When crude blew through $100 this spring on the Hormuz disruption, two ETFs caught the bid hardest: SPDR S&P Oil & Gas Exploration & Production ETF (NYSEARCA:XOP) and VanEck Oil Services ETF (NYSEARCA:OIH). Both look like clean ways to play oil above $100. Their exposures diverge sharply. XOP owns the companies that pump barrels. OIH owns the companies that sell drillers their rigs, frac fleets, and seismic surveys. That distinction explains why OIH is up 34.46% year to date and XOP is up 32%. Although oil came back down to the ceasefire in Iran, the current resumption of US bombs on remaining Iranian military targets has oil climbing back up.

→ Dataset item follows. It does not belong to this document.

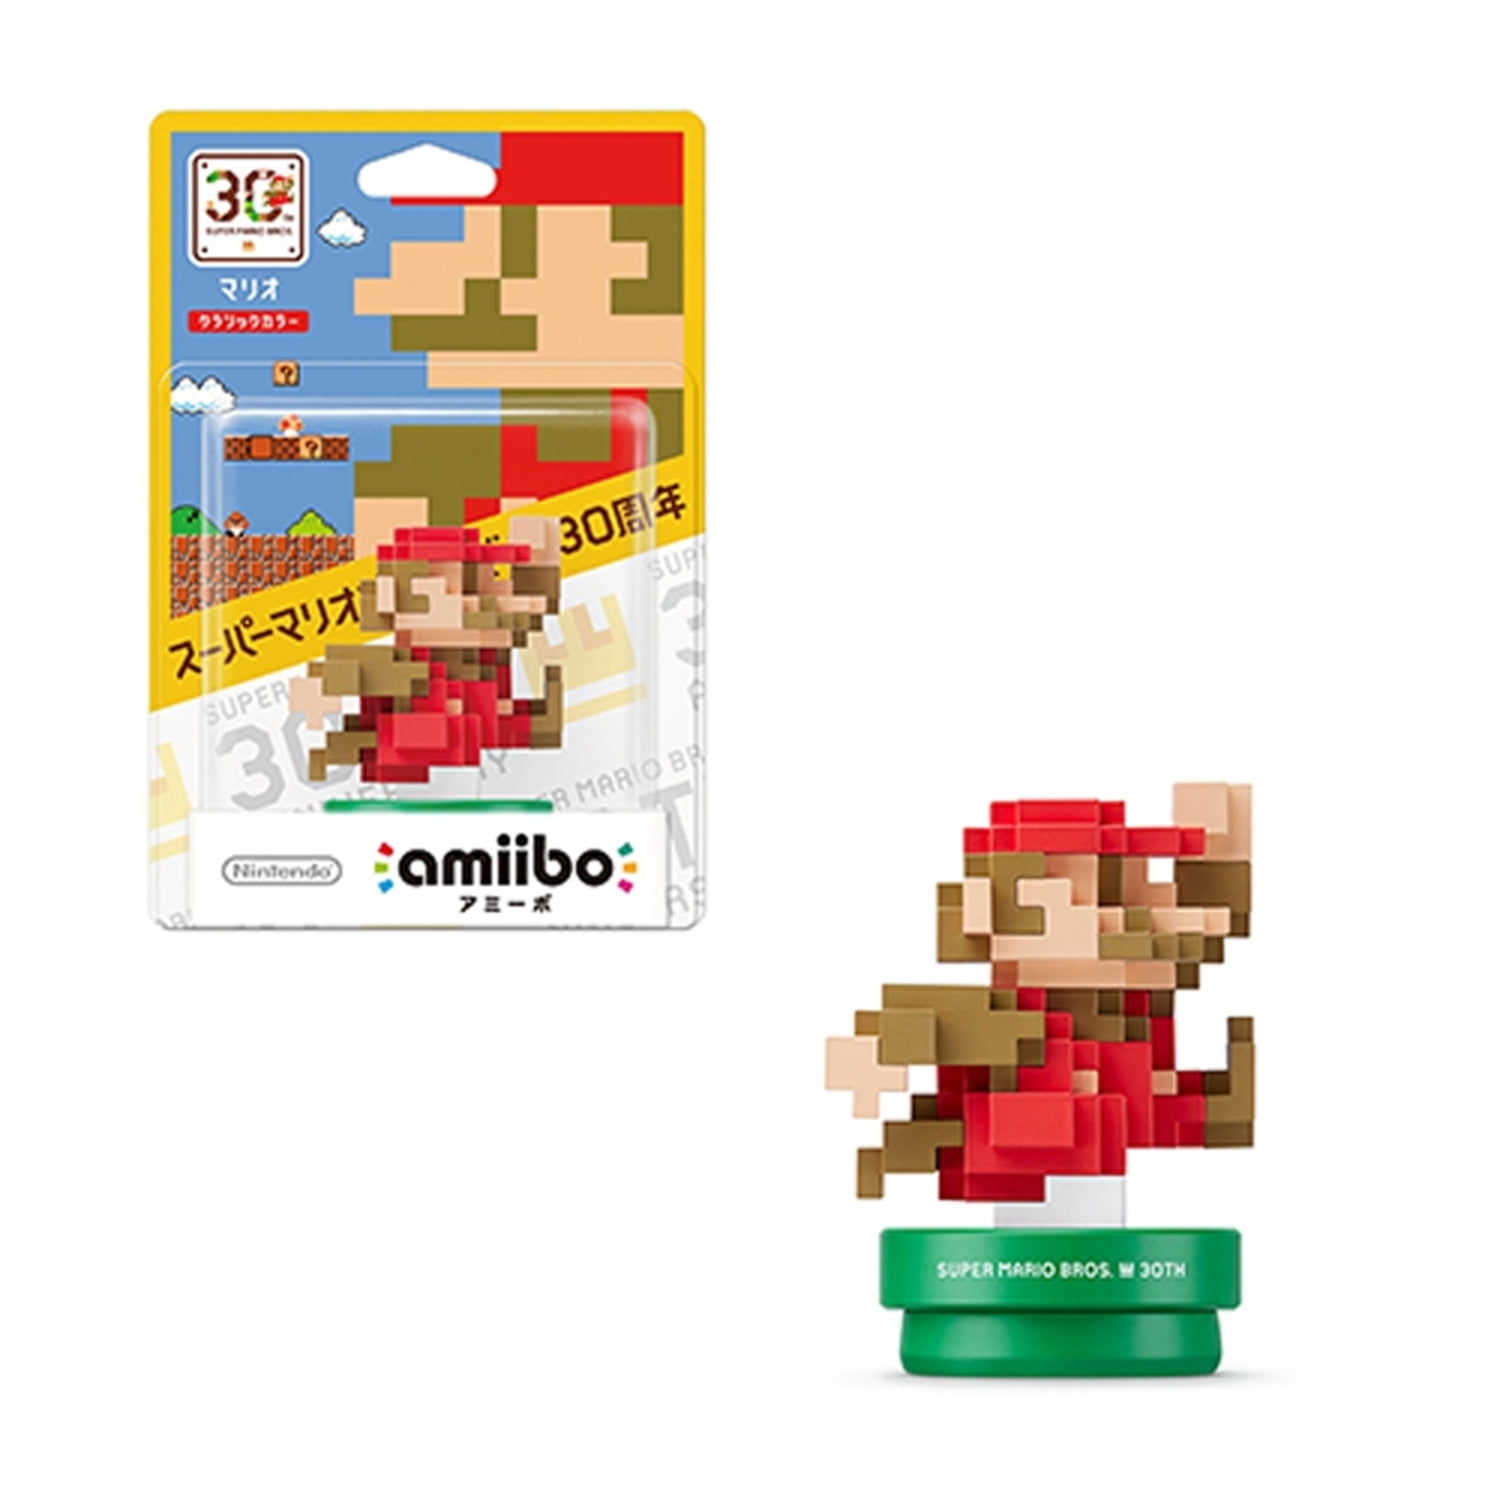 Nintendo Wii U / - Software - Amiibo - Action Figure - Mario 30th Anniversary - 8bit Classic Color Mario (Gift Idea) - Walmart.com

The Bet Each Fund Is Making
XOP tracks an equal-weight S&P E&P index, so a smaller-cap name like Gulfport Energy at 2.78% carries roughly the same weight as Exxon Mobil at 2.79%. The implicit bet is that the spot price of crude moves first, producer cash flow expands in lockstep, and small independents like Coterra Energy and Magnolia Oil & Gas deliver the high-beta torque the majors cannot. XOP wins fast spikes.

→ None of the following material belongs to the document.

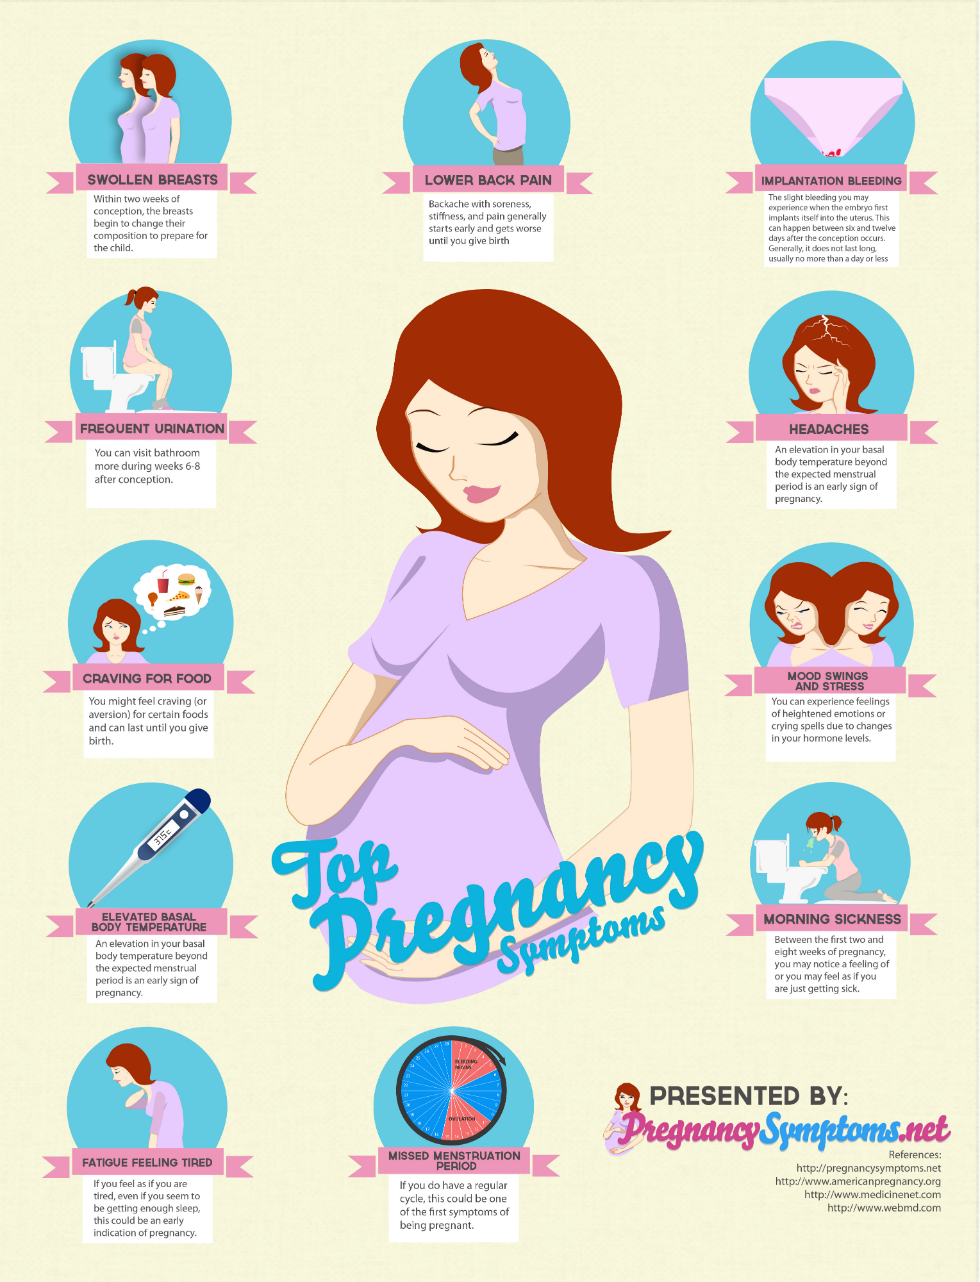 Click Here for pregnancy symptoms

OIH is concentrated, modified-cap weighted, and holds roughly 26 oilfield services and equipment names dominated by SLB and Halliburton. Services revenue runs on drilling activity, completions, and capex budgets, not the spot price. Producers have to believe high prices will last before they commission more rigs and frac crews. OIH wins durable rallies that pull capex off the sidelines.
Where The Spike Showed Up
WTI peaked at $114.58 on April 7, 2026 and held above $100 from May 11 through May 22 as the Strait of Hormuz stayed effectively closed and 10.5 million barrels per day of Middle East production was shut in. Over the trailing year, OIH returned 60.24% against XOP’s 17.33%. That gap reflects the market pricing in a real services capex cycle rather than a single quarter of better realized prices for producers.

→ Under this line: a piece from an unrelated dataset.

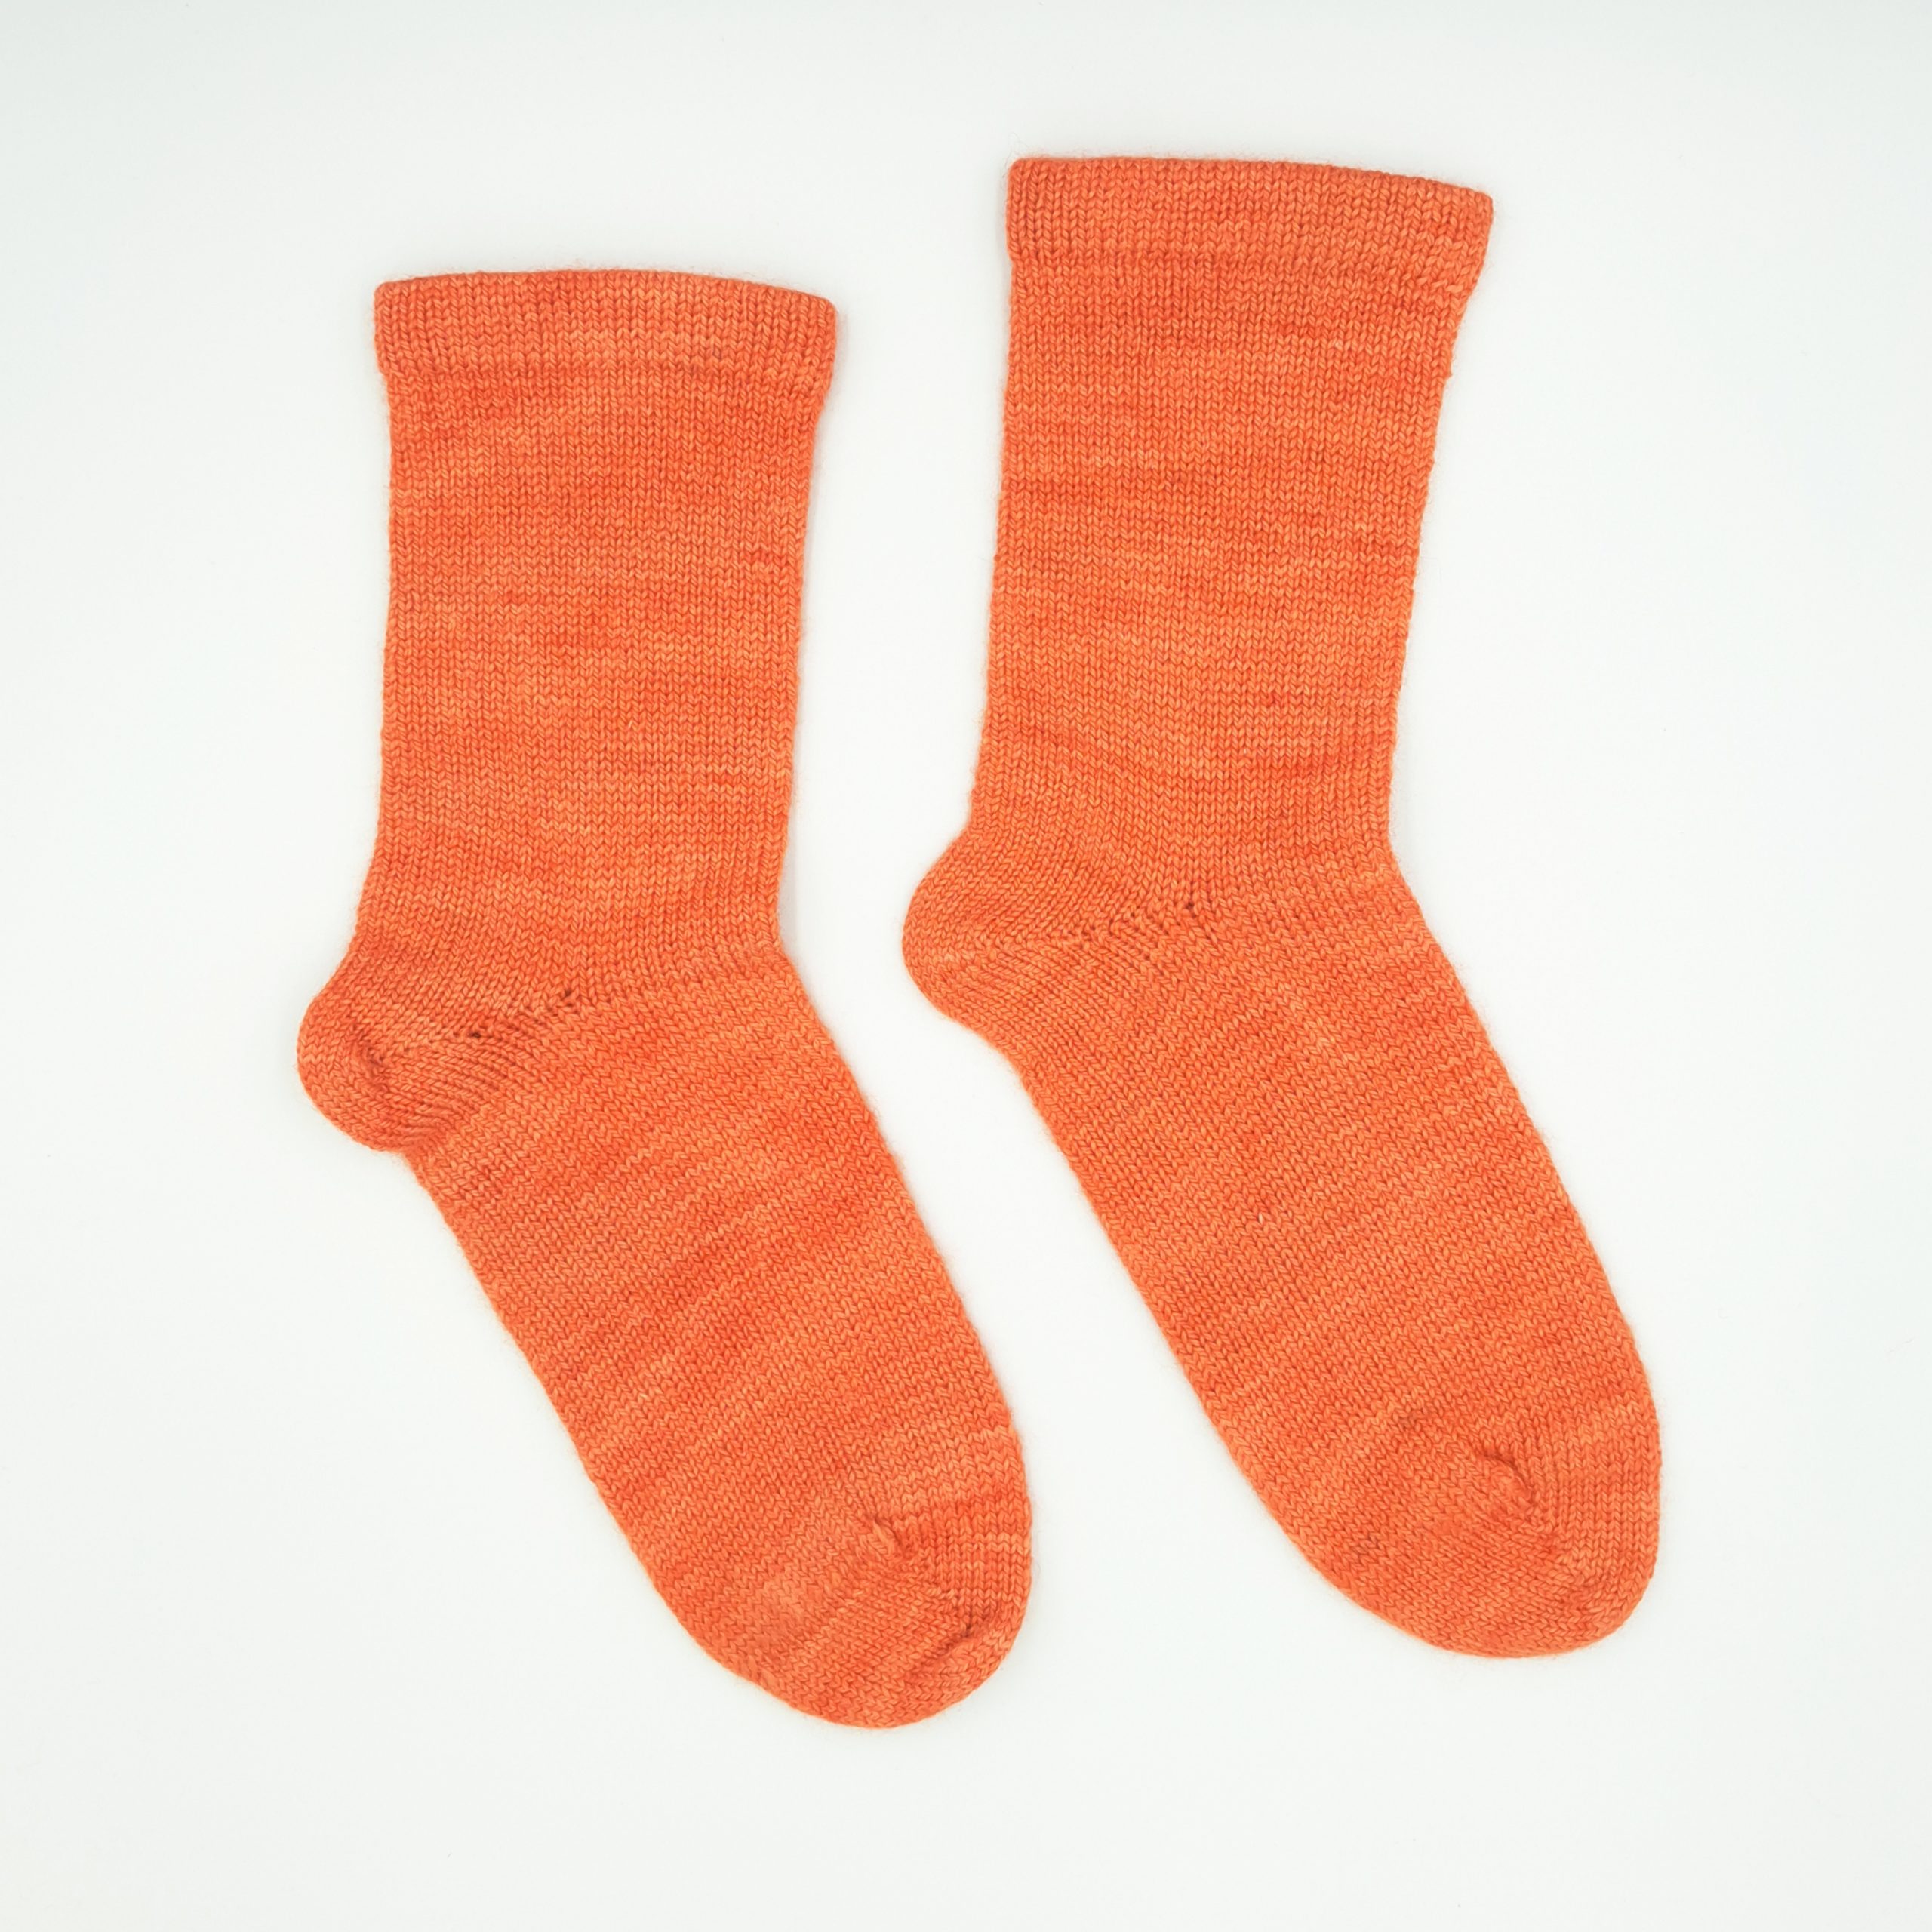 hand crafted silky socks in warm orange : Misterstiltskin

The mirror image showed up the past month. With WTI back to $84.65, OIH dropped 9.48% in a week against XOP’s 6.15%. Services unwind faster when the capex thesis weakens.
The Decade Tells The Real Story
Over 10 years, XOP is up 29.78%. OIH is down 22.3%. Shale capital discipline since 2020 starved service providers of pricing power even when producers were minting cash. Owning OIH long term is a bet that this discipline cracks. Owning XOP is a bet you can collect the cash flow without waiting for it to.
Practical Comparison
| Factor | XOP | OIH |
|---|---|---|
| Focus | Upstream E&P | Oilfield services & equipment |
| Construction | Equal-weight, ~60+ holdings | Modified cap-weight, ~26 holdings |
| Expense ratio | 0.35% | 0.35% |
| YTD 2026 | +32% | +34.46% |
| 1-year | +27.01% | +54.40% |
| 10-year | +44% | -26% |
The Verdict
For an investor convinced the Hormuz premium snaps back and crude reclaims $100 quickly, XOP is the cleaner instrument. The equal-weight book gives you torque from small independents that re-rate violently on spot moves, without single-name risk. For an investor who believes elevated prices will linger long enough to force producers to actually spend, including reactivating idled US rigs as the EIA warns it takes several months for shale supply to respond, OIH offers the leveraged play on that capex cycle. The 10-year chart is the warning: services need a sustained, multi-year up-cycle to justify ownership, and they have not gotten one in a decade. With WTI now up 4.6% in a month, the case for OIH only holds if you believe the geopolitical premium is coming back strongly. If not, XOP’s broader sleeve and stronger long-run track record make it the steadier vehicle.